What is expected — Your task is to copy the stretch of lines in the records below that begins with the line containing "艾成和王瞳共舞。圖/民視提供" and ends with the line containing "Food Packaging Mockup 2", exactly as written, with nothing added.

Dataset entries
========================================

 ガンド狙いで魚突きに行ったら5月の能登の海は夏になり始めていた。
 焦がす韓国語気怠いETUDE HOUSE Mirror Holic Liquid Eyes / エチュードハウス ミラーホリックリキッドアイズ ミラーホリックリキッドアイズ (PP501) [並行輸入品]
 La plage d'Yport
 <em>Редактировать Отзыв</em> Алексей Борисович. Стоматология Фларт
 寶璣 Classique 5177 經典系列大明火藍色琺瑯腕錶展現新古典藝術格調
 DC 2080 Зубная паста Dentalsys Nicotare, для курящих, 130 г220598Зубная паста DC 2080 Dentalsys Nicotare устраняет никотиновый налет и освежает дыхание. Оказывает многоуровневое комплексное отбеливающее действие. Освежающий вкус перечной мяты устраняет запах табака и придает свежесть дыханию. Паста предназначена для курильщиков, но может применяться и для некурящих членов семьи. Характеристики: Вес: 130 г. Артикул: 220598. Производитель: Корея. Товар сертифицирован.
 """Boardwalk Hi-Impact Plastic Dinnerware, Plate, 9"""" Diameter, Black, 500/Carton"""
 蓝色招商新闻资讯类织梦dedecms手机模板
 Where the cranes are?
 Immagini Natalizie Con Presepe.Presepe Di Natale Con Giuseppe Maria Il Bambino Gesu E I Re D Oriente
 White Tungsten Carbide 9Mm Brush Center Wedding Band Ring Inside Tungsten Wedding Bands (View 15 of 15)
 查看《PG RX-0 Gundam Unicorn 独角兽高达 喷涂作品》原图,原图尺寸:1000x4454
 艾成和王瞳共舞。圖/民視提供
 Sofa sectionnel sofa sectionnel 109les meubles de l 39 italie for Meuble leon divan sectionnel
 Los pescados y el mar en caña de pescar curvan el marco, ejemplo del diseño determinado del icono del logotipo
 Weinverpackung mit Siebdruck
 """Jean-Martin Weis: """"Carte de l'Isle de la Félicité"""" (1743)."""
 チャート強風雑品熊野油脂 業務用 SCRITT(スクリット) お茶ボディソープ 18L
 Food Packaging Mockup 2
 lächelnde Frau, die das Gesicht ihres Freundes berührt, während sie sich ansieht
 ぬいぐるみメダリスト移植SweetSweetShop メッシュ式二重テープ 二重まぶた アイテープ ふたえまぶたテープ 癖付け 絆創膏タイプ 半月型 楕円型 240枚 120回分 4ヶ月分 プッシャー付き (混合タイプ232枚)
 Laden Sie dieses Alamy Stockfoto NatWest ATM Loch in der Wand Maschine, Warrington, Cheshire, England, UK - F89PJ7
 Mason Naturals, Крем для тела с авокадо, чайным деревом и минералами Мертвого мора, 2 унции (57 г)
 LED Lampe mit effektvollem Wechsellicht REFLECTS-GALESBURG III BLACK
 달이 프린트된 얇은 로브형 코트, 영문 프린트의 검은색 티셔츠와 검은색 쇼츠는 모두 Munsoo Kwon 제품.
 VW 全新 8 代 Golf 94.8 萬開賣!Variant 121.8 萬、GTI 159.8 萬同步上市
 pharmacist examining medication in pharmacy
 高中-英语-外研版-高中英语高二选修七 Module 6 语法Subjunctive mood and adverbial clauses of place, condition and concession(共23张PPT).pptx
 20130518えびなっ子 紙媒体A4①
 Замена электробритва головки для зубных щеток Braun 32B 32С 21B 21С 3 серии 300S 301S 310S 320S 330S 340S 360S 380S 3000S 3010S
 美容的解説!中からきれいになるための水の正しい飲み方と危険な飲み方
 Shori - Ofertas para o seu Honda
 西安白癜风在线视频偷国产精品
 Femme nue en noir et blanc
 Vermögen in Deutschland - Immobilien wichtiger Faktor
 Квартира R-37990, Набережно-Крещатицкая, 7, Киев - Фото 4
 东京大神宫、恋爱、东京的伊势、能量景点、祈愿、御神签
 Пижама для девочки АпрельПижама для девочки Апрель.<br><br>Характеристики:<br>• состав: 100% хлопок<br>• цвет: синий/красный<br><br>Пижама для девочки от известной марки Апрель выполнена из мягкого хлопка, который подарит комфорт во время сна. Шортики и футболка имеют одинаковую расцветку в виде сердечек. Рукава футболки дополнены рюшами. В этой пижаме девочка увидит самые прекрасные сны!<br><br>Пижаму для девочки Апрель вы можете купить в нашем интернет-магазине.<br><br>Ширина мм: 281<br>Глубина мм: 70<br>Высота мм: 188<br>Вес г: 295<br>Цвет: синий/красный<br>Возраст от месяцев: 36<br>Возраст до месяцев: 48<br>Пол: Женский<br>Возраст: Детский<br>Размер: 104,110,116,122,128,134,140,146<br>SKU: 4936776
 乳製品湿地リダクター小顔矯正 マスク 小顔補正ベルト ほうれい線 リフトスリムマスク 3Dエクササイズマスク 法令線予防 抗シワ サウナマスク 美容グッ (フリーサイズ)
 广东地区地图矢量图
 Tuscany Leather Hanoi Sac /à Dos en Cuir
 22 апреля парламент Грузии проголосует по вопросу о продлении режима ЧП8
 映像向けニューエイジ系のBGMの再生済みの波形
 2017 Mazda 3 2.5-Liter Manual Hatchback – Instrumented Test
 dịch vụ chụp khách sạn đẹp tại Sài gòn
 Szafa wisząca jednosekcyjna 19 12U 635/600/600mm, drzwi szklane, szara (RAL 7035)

========================================

Task answer —
 艾成和王瞳共舞。圖/民視提供
 Sofa sectionnel sofa sectionnel 109les meubles de l 39 italie for Meuble leon divan sectionnel
 Los pescados y el mar en caña de pescar curvan el marco, ejemplo del diseño determinado del icono del logotipo
 Weinverpackung mit Siebdruck
 """Jean-Martin Weis: """"Carte de l'Isle de la Félicité"""" (1743)."""
 チャート強風雑品熊野油脂 業務用 SCRITT(スクリット) お茶ボディソープ 18L
 Food Packaging Mockup 2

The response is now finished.